BOEMRE considers widening regulation beyond producers

Nick Snow
OGJ Washington Editor

WASHINGTON, DC, Apr. 13 -- The US Bureau of Ocean Energy Management, Regulation, and Enforcement is considering an expansion of its regulatory reach beyond offshore oil and gas well operators to drilling contractors and service and supply companies, BOEMRE Director Michael R. Bromwich said on Apr. 12. The idea stems from lessons learned after the Macondo well accident and oil spill nearly a year ago, he and US Interior Sec. Ken Salazar told reporters.

Bromwich said the idea grew from resistance BOEMRE investigators encountered following the accident from companies working for BP PLC, Macondo’s operator.

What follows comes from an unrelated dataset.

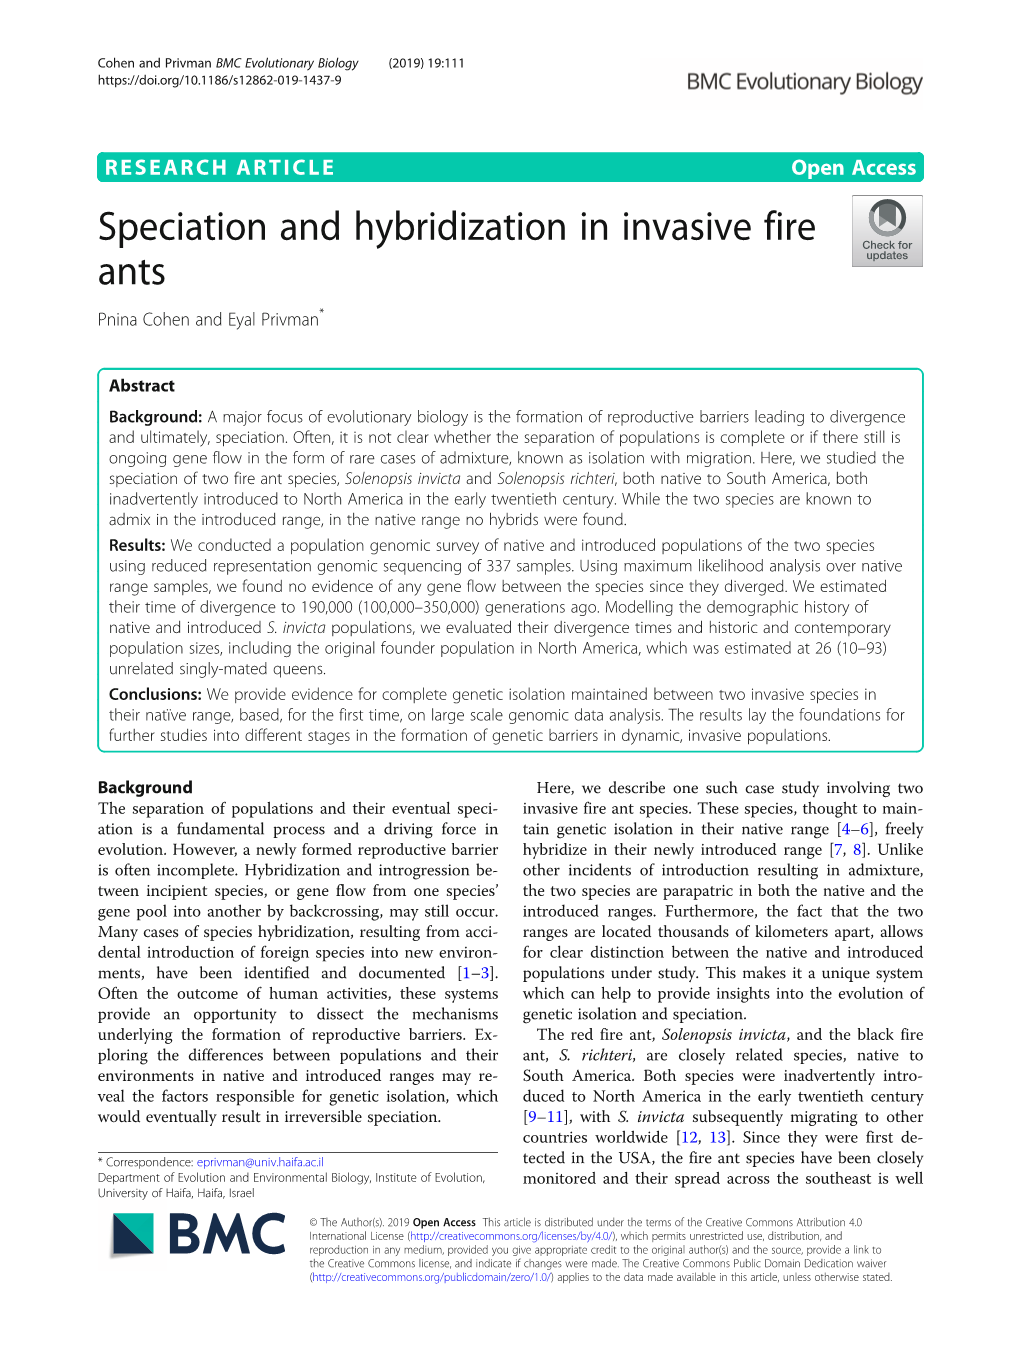 Speciation and Hybridization in Invasive Fire Ants Pnina Cohen and Eyal Privman*
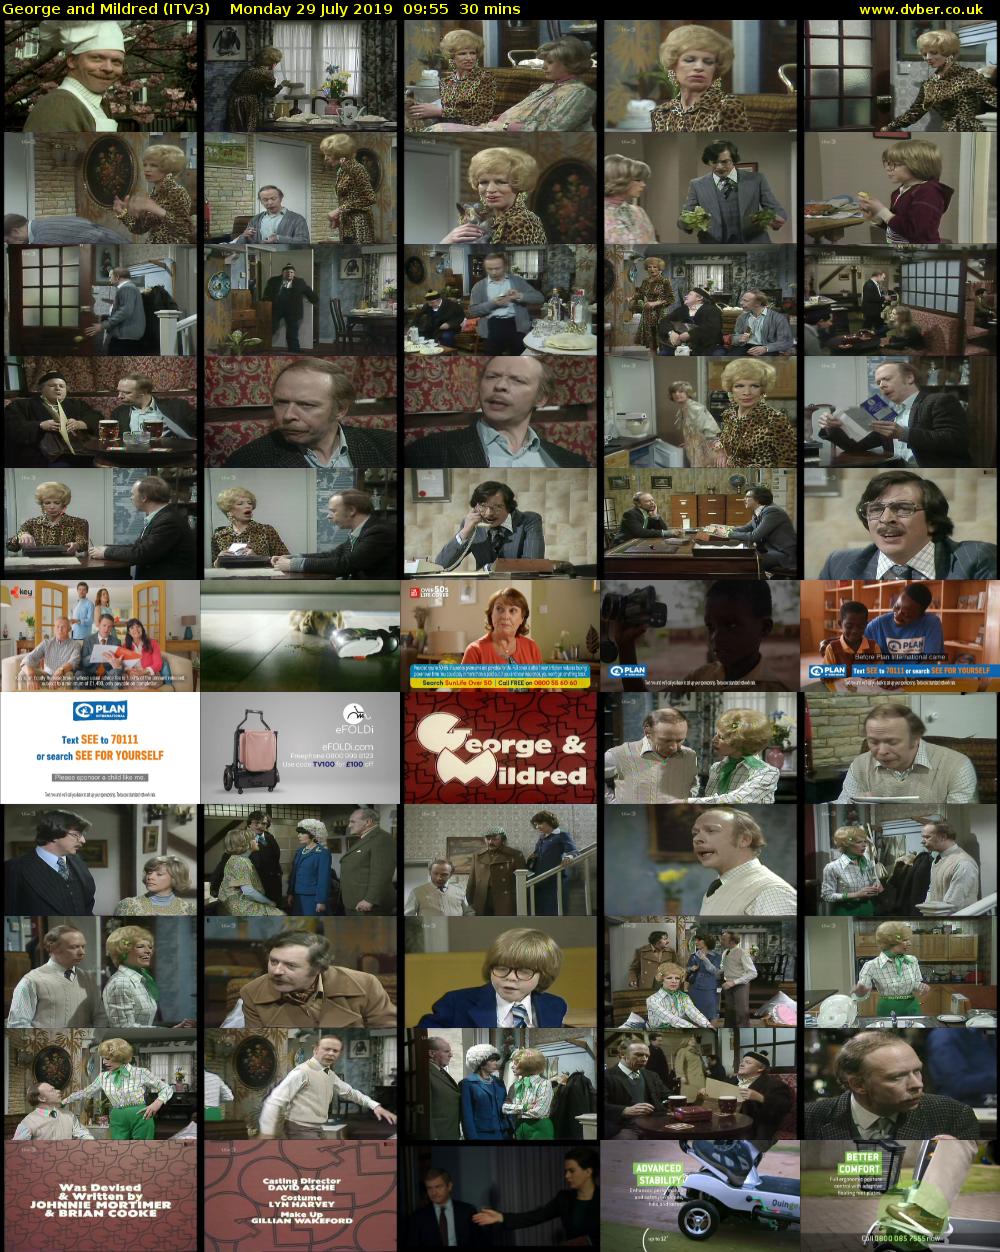 George and Mildred (ITV3) Monday 29 July 2019 09:55 - 10:25

He said US Department of Interior lawyers subsequently told him that the agency’s reach applies only to operators, and that it could not compel drilling contractors and service and supply companies to cooperate.

“We’re very interested in moving aggressively and responsibly,” Bromwich said during a briefing at DOI headquarters, adding that legislative authorization may be needed. Salazar said BOEMRE also needs congressional approval to increase the 30-day offshore drilling permit approval time limit, which the 2005 Energy Policy Act established to 90 days.

“We have moved forward with what has been a sprint of reforms,” the secretary said. “Can we do more? Absolutely, but we need legislation authorizing it.” He said the continuing resolution that Congress was expected to approve increases BOEMRE’s budget through Sept. 30, but added that DOI and the agency expect a fight as Congress starts working on their requests for fiscal 2012.

“Will we be fully successful? Probably not,” said Salazar. “But we’ll fight hard.” Reforms in the past 9 months have enhanced drilling and offshore workplace safety as BOEMRE has reorganized to eliminate conflicting missions and improve its safety and environmental enforcement, he continued.

Congressional failure to pass a budget hampered some improvement efforts, he said. “We could have started a lot sooner to hire more inspectors and staff,” Salazar said, noting that Bromwich still has recruited new employees aggressively from major US universities’ petroleum engineering departments.

Bromwich said the first deepwater exploration plan since the accident and spill was approved in 30 days, but only because Shell Offshore promptly resubmitted it with the necessary additional information. Others could take longer, “and that could make our point that, as an agency, we need more than 30 days to approve offshore drilling permits,” he said.

Salazar said several oil and gas trade associations and individual companies acknowledged that changes were needed as more was learned about what led to the accident and spill. “We have seen signs that many recognize that this is a post-Macondo world,” he said. “But no one is saying that everything is being done that needs to be done.”

“Several companies have said it was a wake-up call,” said Bromwich. “Others said that it was an anomaly. I think that’s been debunked by the president’s commission, which said there were 79 previous incident which were nearly as serious. That’s 79 near-Macondos. We have to be clear-eyed about this and recognize there’s no way we can make the risks zero. But we can make them as low as possible.”